Он мог бы сказать ей, что мертвые не чувствуют ни холода, ни тепла, солнце и ветер никогда не проникнут сквозь его оболочку. Но она бы безобидно рассмеялась и поцеловала его в лоб, и сказала бы ему: "Питер, что печалит тебя? Однажды ты встанешь на ноги". Однажды он пройдет по холмам Джарвиса призраком мальчика и услышит, как люди скажут: "Вот идет призрак Питера, поэта, умершего задолго до своих похорон".
Райанон заботливо укрыла его, поцеловала, пожелав доброго утра, и унесла треснувшую чашку.
Человек с кистью провел цветную борозду под солнцем и раскрасил кольца, обводившие круг солнца. Смерть шла в человечьем обличье с косой, но в тот летний день ни один живой стебель не будет скошен.

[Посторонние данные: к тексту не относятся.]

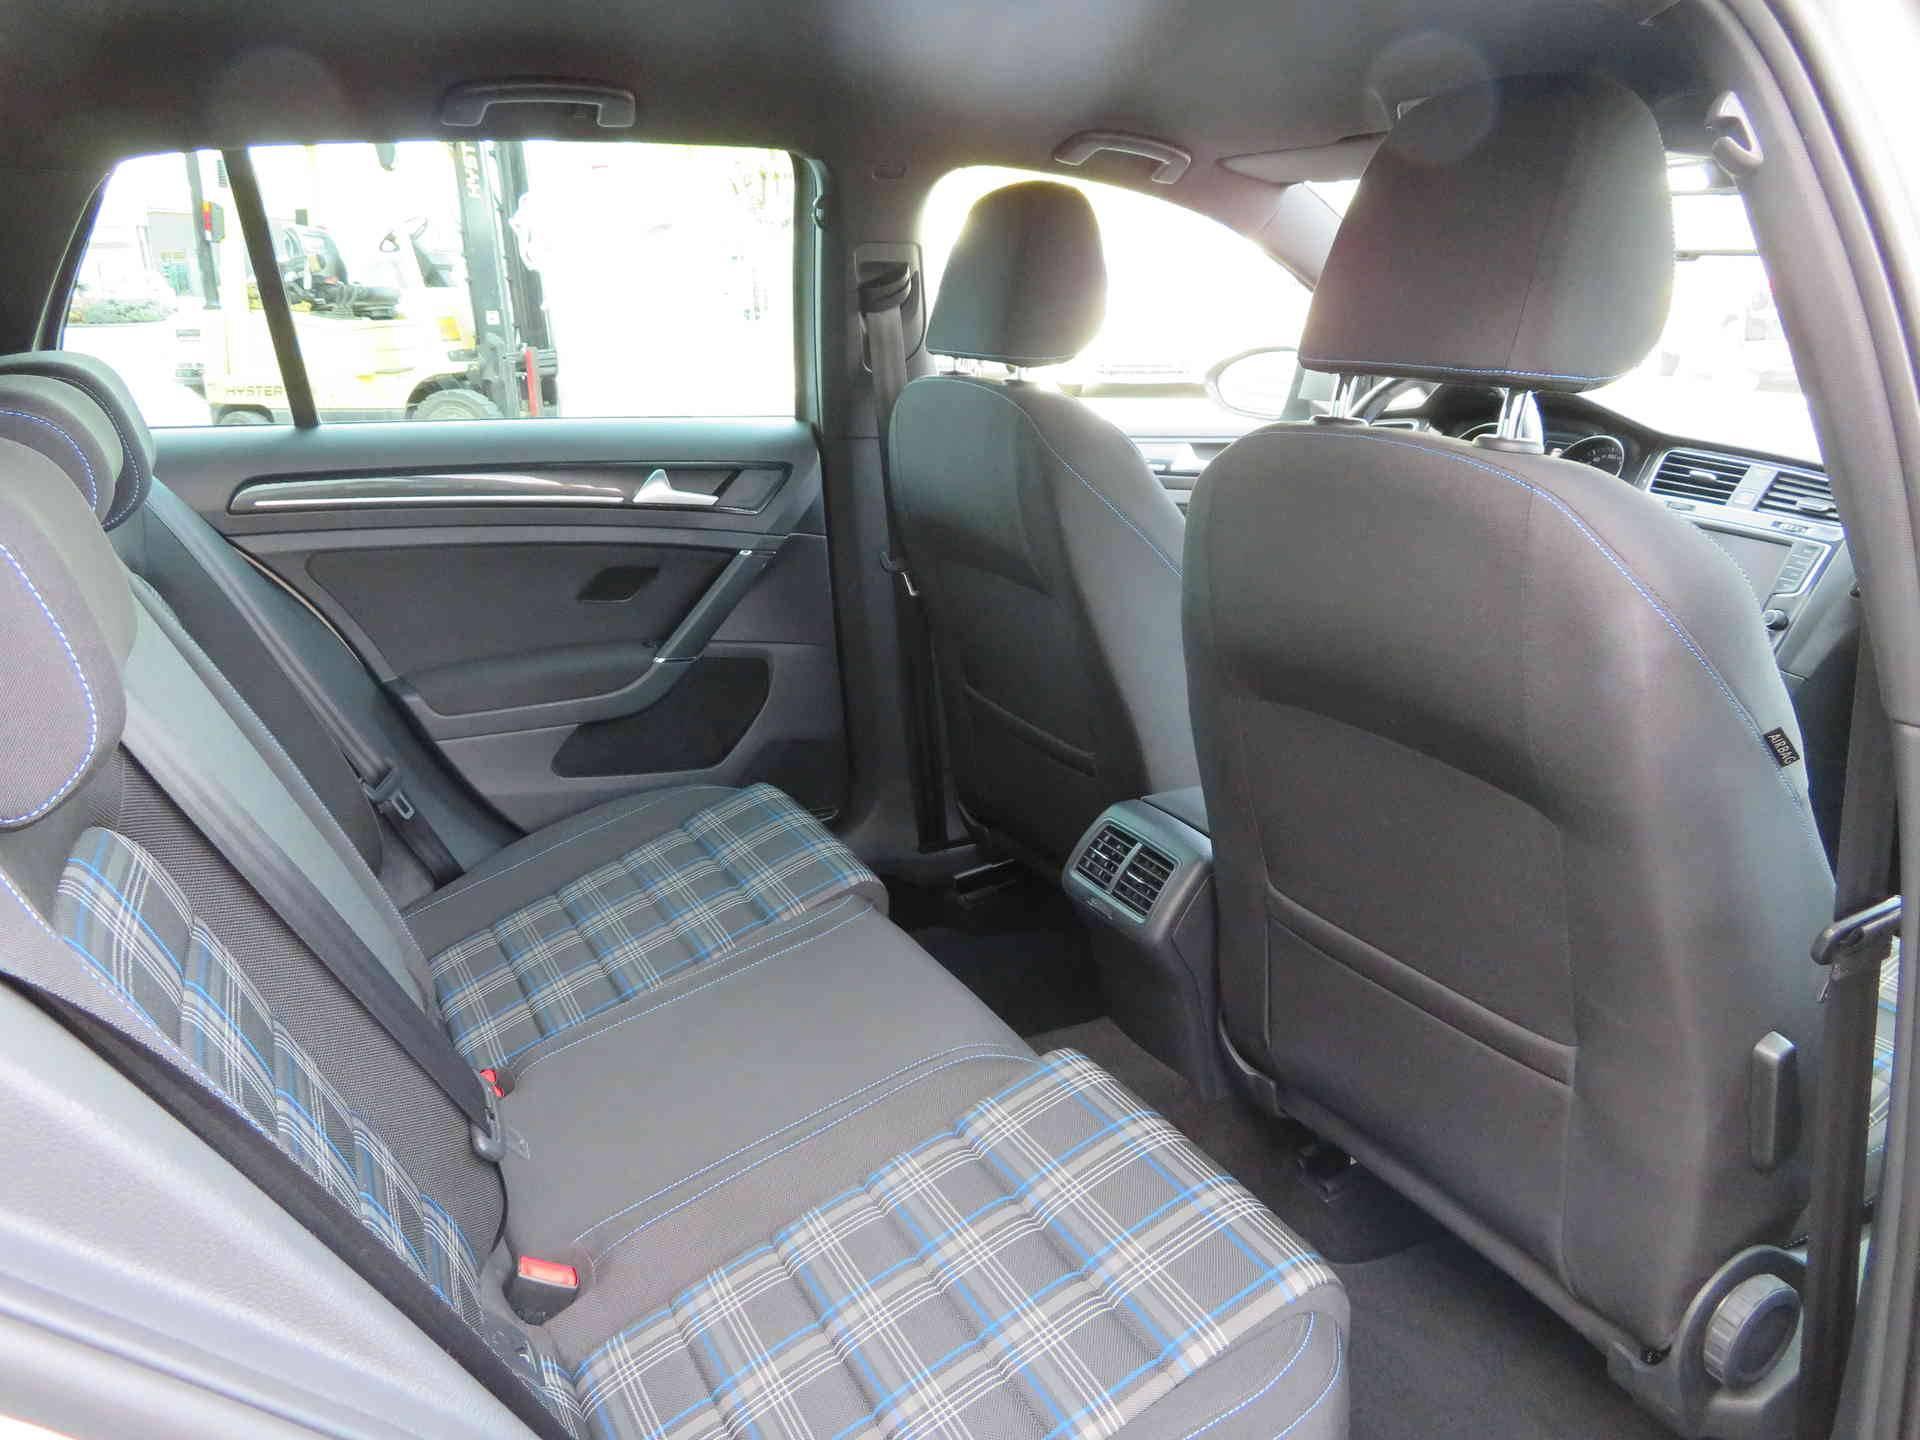 7 - Golf 1.4 TSI 204 Hybride Rechargeable DSG6
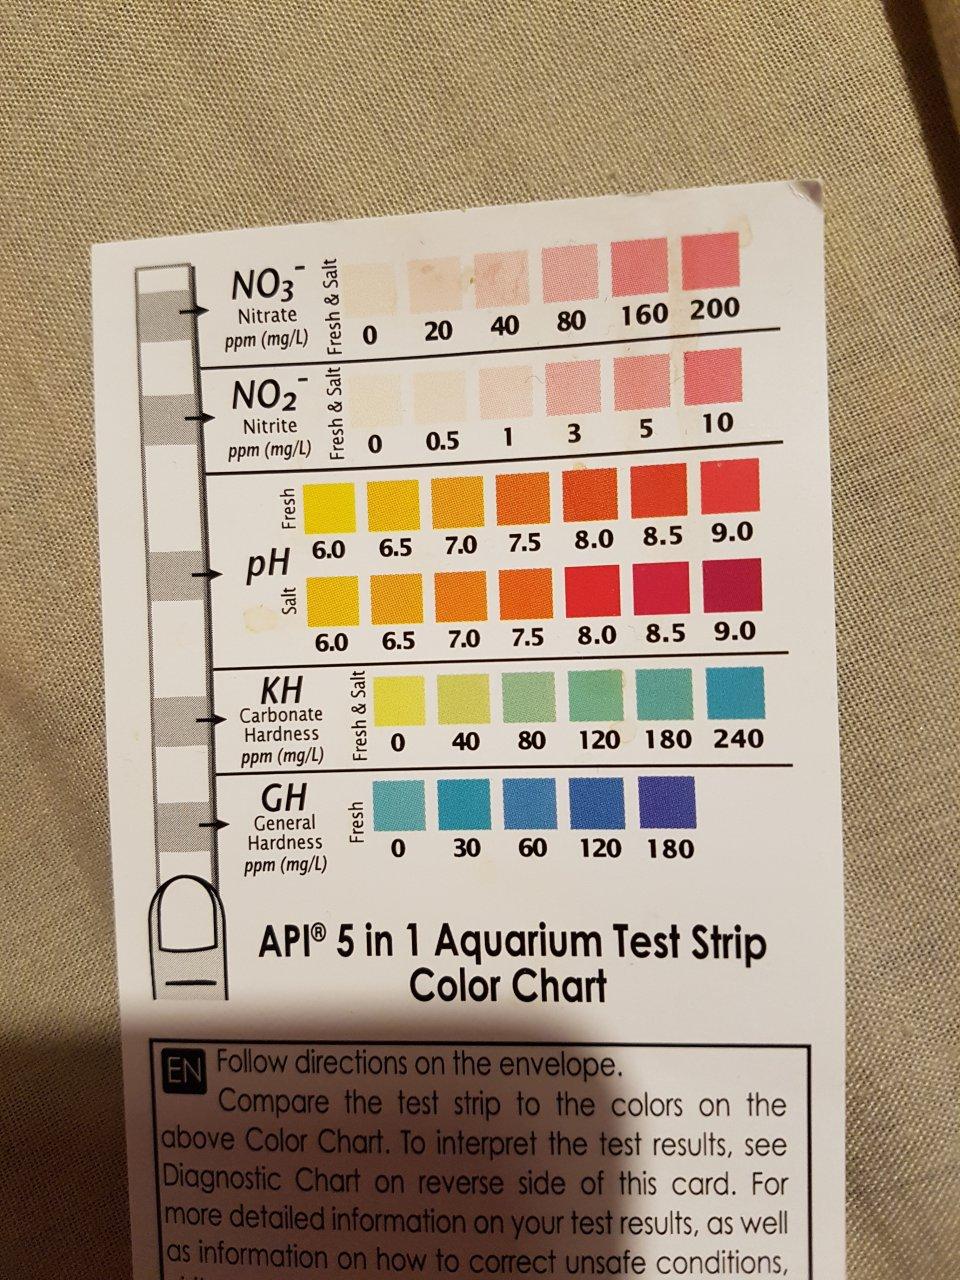 Wa2 safe guide swim test

Больной все ждал и ждал своего посетителя. Питер ждал Каллагана. Его комната - это мир внутри мира. И он сам вмещал в себя целый мир, летящий по кругу, и в нем тоже вставало солнце и садилась луна. Каллаган был западным ветром, и Райанон сметала озноб западного ветра подобно ветру с Таити. Рука дотянулась до головы и замерла, камень на камне. Никогда еще голос Райанон не был таким далеким, как в тот миг, когда уверял его, что кислое молоко было чудесным. Кем же была она, если не возлюбленной, исступленно взывавшей к своему избраннику сквозь покров гроба? Кто-то в ночи вывернул его наизнанку и опустошил, оставив одно фальшивое сердце. Под доспехами ребер оно было чужим, как было чужим биение крови в ступнях. Его руки не могли больше ни совершать движения, ни обвиться вокруг девушки, чтобы защитить ее от ветра или грабителей. Не было ничего дальше под солнцем, чем его собственное имя, а поэзия была лишь словесной струной, натянутой на прутике, вкруг которого теснились стебли гороха. Он лепил губами крохотный шарик звука, придавая ему некую форму, и выговаривал слово.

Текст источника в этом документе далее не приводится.